Thanks for the Help really helpful!! My shoe size is some what between 40-41 as I wear 7 or 7.5 (for boots its 41/ US 8), so I think its Small. But I can see the medium boots can fit 41's. Only weight can change lol  (I think as I am 21)


----------



## poutanen (Dec 22, 2011)

Yeah I wear a US size 8 boot (shoes are 8.5 or 9) and the waist width on my board is about identical to the waist on the 151 cm board you're looking at. I wouldn't want it any thinner than that. Sounds to me like a 151 would be the right fit...

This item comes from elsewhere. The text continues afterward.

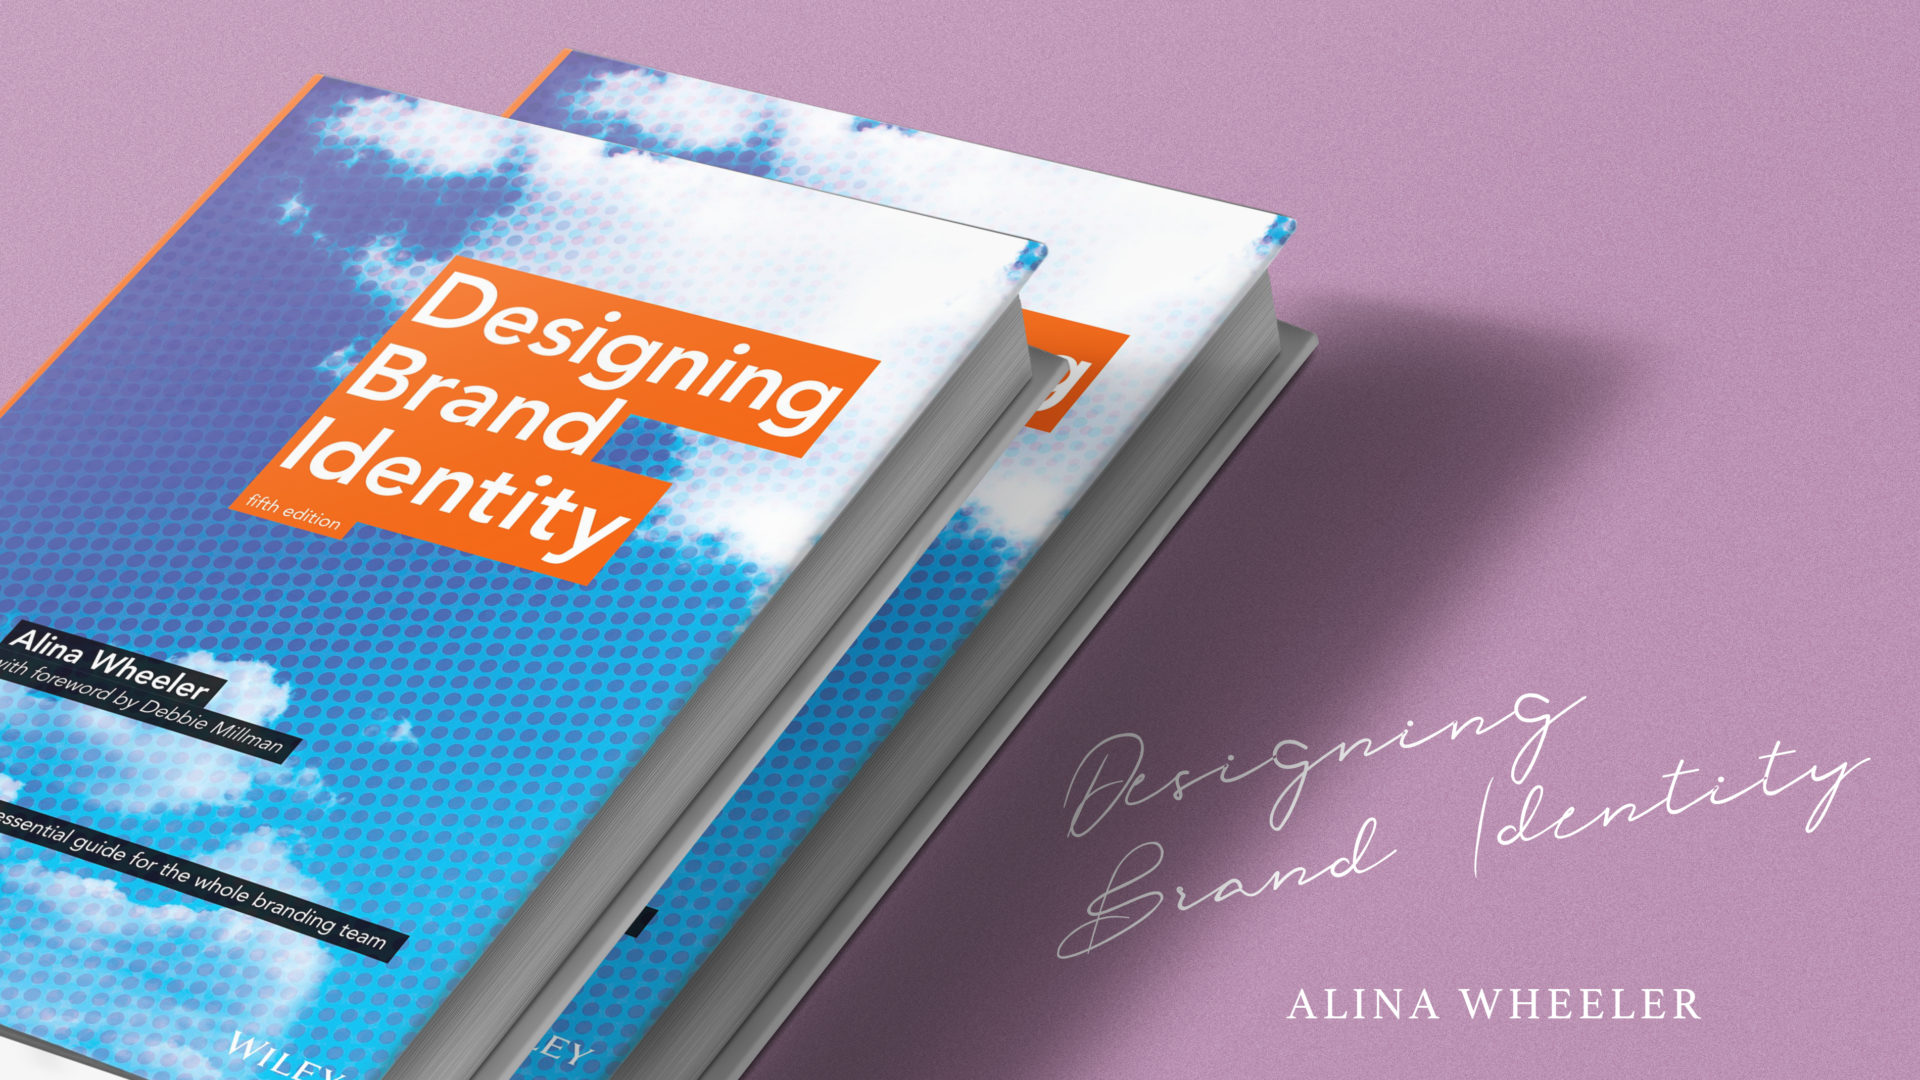 Designing Brand Identity book by Alina Wheeler

Does burton have any demo days coming up at your local hill? They just did one last saturday at Lake Louise and my girlfriend tried a few different boards. She's in her second full season now and she said it was great to try different camber/rocker profiles, different bindings, etc. If you can meet up with one of them it's be a great way to try before you buy.


----------



## Russu (Jan 29, 2012)

I think the 151 would fit and medium/boots and bindings. Unfortunately I am based in Europe and the only place where I can go snowboarding is Switzerland/France (near Geneva). But will do my best to go and try the board before buying it. Thanks very much for the all the help it was really helpful.


----------



## poutanen (Dec 22, 2011)

No problem... 

Looks like there are some demo days coming up in Italy, Switzerland and France:

Sites-Burton_US-Site


----------



## Russu (Jan 29, 2012)

Great; if I have some time to travel I will go to one of them for sure!


----------